16th February 2023, 6 min read

Computing the UTF-8 size of a Latin 1 string quickly (AVX edition)

7 thoughts on “Computing the UTF-8 size of a Latin 1 string quickly (AVX edition)”

Stefan Kanthak says:

February 17, 2023 at 7:54 am

“it suffices to count two output bytes for each input byte having the most significant bit set, and one output byte for other bytes.”

This works until your HTML5 compliant WWW browser (and derived applications) treats ISO-8859-1 as Windows-1252.
Rici Lake says:

February 17, 2023 at 7:43 pm

Windows-1252 contains a number of characters whose codes exceed the 11-bit limit for two-octet UTF-8. Common example: €, the Euro sign. (There are others.)

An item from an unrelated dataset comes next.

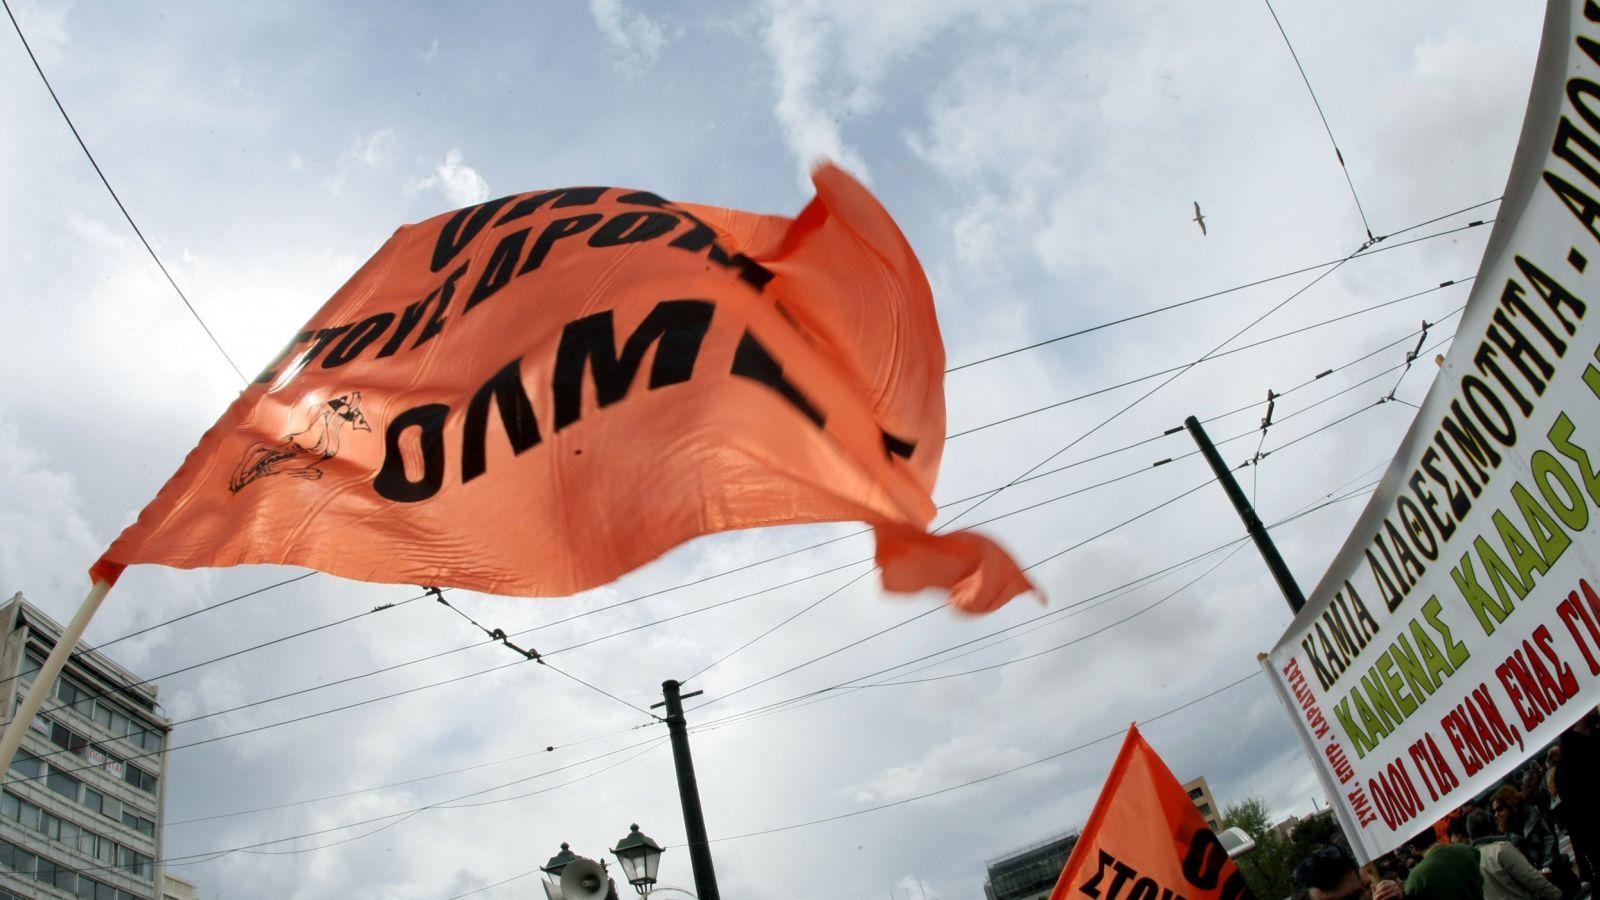 Κλειστά τα σχολεία την Τρίτη 9 Ιουνίου – 24ωρη απεργία των εκπαιδευτικών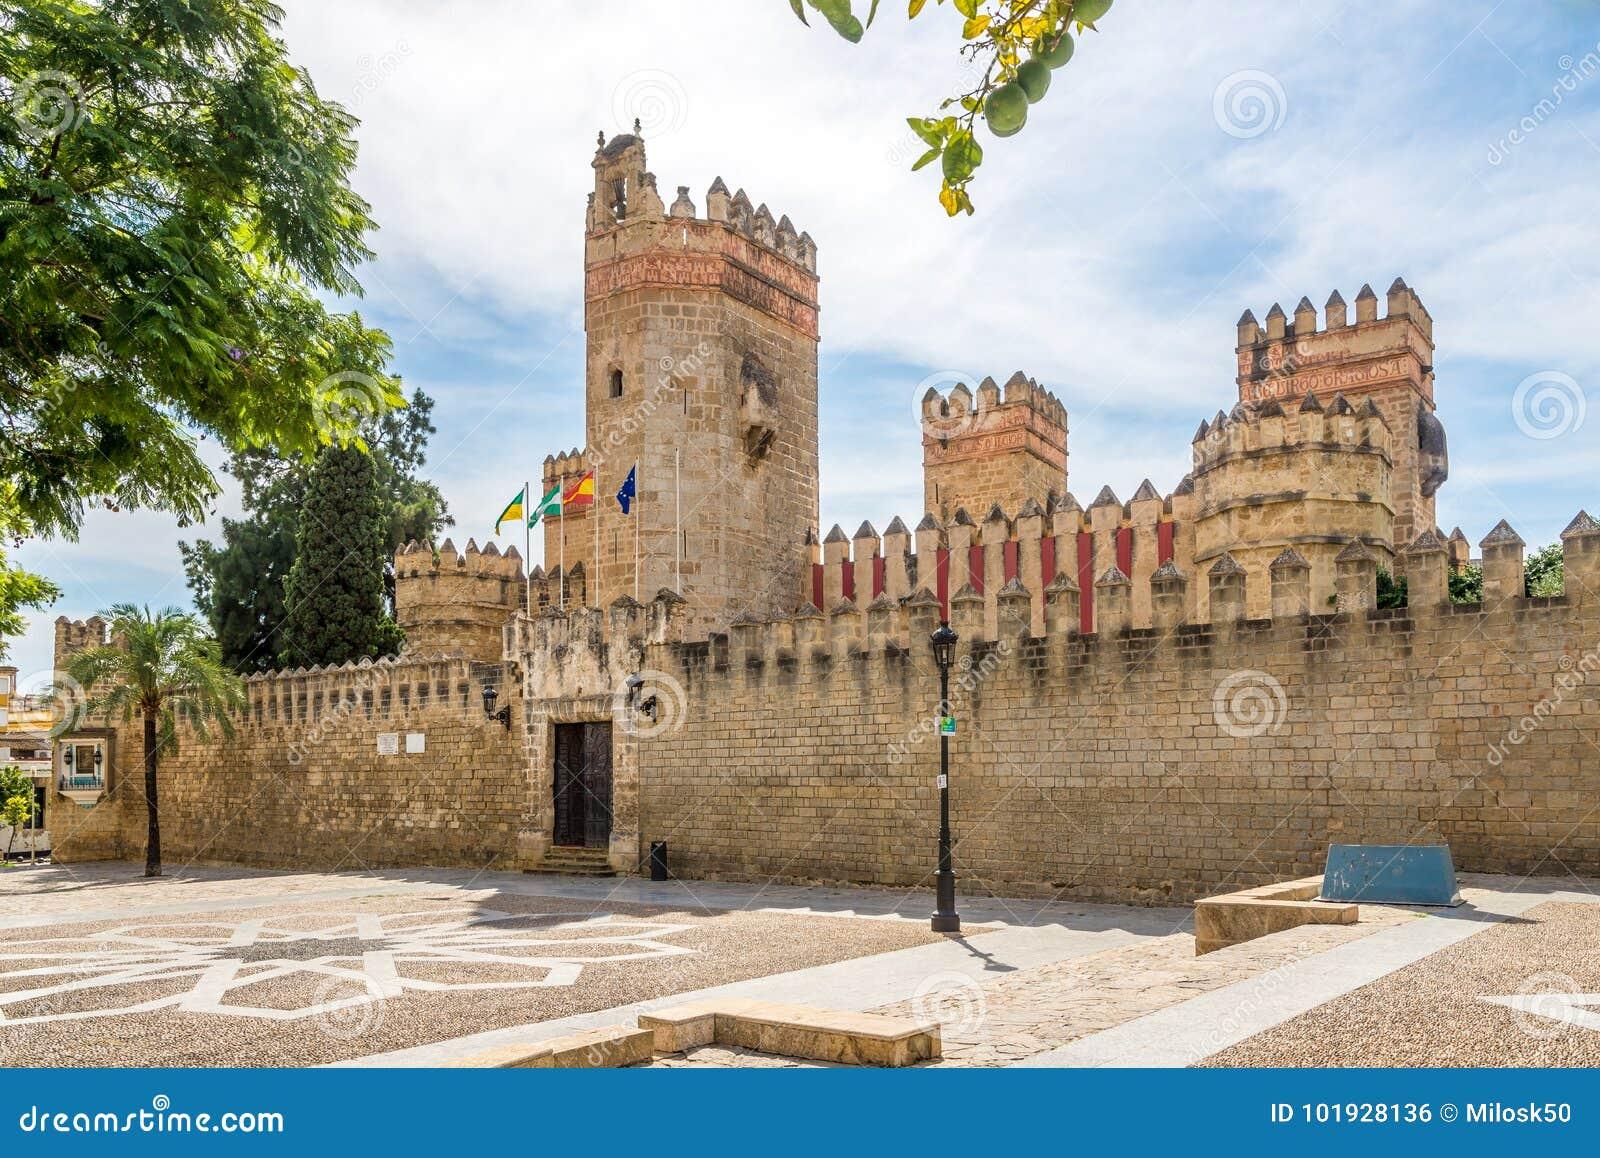 Άποψη στο κάστρο SAN Marco στην πόλη EL Puerto de Σάντα Μαρία, Ισπανία

ISO-8859-1 only contains codepoints with one- and two-octet UTF-8 sequences, but you’ll find pages labelled as Latin1 which are actually Windows-1252 or even Latin15 (also with €).
1. Daniel Lemire says:
  
  February 17, 2023 at 8:34 pm
  
  I stand corrected.
  
  Even so, if you are incorrectly identifying Windows-1252 as Latin 1 then you simply cannot convert it to Unicode properly, and there is no sure way to correct and identify a mislabel of the sort.
  1. Stefan Kanthak says:
    
    February 18, 2023 at 3:54 am
    
    You can’t and MUST NO trust a designation “charset=ISO-8859-1”; if your code is used to determine the size of buffer allocations, this can result in buffer overruns. Who will assign a CVE then?
    
    About 28 years ago, when adding MIME support to Windows, some imbeciles at Microsoft assigned the Codepage “CP_1252” to “charset=ISO-8859-1”:
    
    [HKEY_LOCAL_MACHINE\SOFTWARE\Classes\MIME\DataBase\CharSet\iso-8859-1] "CodePage"=dword:000004e4
    
    From then, every piece of (not just) their crap, like FrontPage or Word, which composes mail or HTML pages AND relies on Windows MIME database, labels text encoded with CP_1252 as ISO-8859-1 (the other “charset=ISO-8859-” have also wrong codepages assigned).
    Years later, Microsoft registered several “charset=Windows-” with IANA, but never fixed their wrong database — a REAL shame.
    When the W3C standardized HTML5, to avoid a misrepresentation of HTML pages generated with Microsoft crap, they specified that ISO-8859-1 must be handled as Windows-1252.
Yaffle says:

February 18, 2023 at 7:30 pm

Do you know what performance will those functions have with 64BM strings (when cpu cache is much smaller then the string length) ?
1. Daniel Lemire says:
  
  February 19, 2023 at 12:34 pm
  
  If you are dealing with large strings, you probably want to fragment the problem: process substrings. See this blog post where I explain that working with large inputs all at once is a performance anti-pattern: https://lemire.me/blog/2021/08/21/the-big-load-anti-pattern/
NRK says:

February 19, 2023 at 7:44 am

Great read as usual!

Out of curiosity, I went ahead and wrote a SWAR version using uint_fast32_t. Going by cycles/byte – it’s about 3.5x faster than the autovectorized scalar version on my zen2 machine.

size_t swar_utf8_len(const uint8_t *s, size_t len) { typedef uint_fast32_t V; static_assert(sizeof(V) <= sizeof(uint64_t)); size_t mask = V{0x80808080} | (V{0x80808080} << 16 << 16); size_t answer = 0; size_t swar_rounds = len / sizeof(V); size_t swar_bytes = swar_rounds * sizeof(V); for (size_t i = 0; i < swar_bytes; i += sizeof(V)) { V v; memcpy(&v, s + i, sizeof v); v &= mask; answer += std::popcount(v); } return len + answer + scalar_utf8_length(s + swar_bytes, len - swar_bytes); }

(Note that std::popcount requires c++20.)

3.5x speed up from just dozen lines of (mostly) portable code seems like a good deal!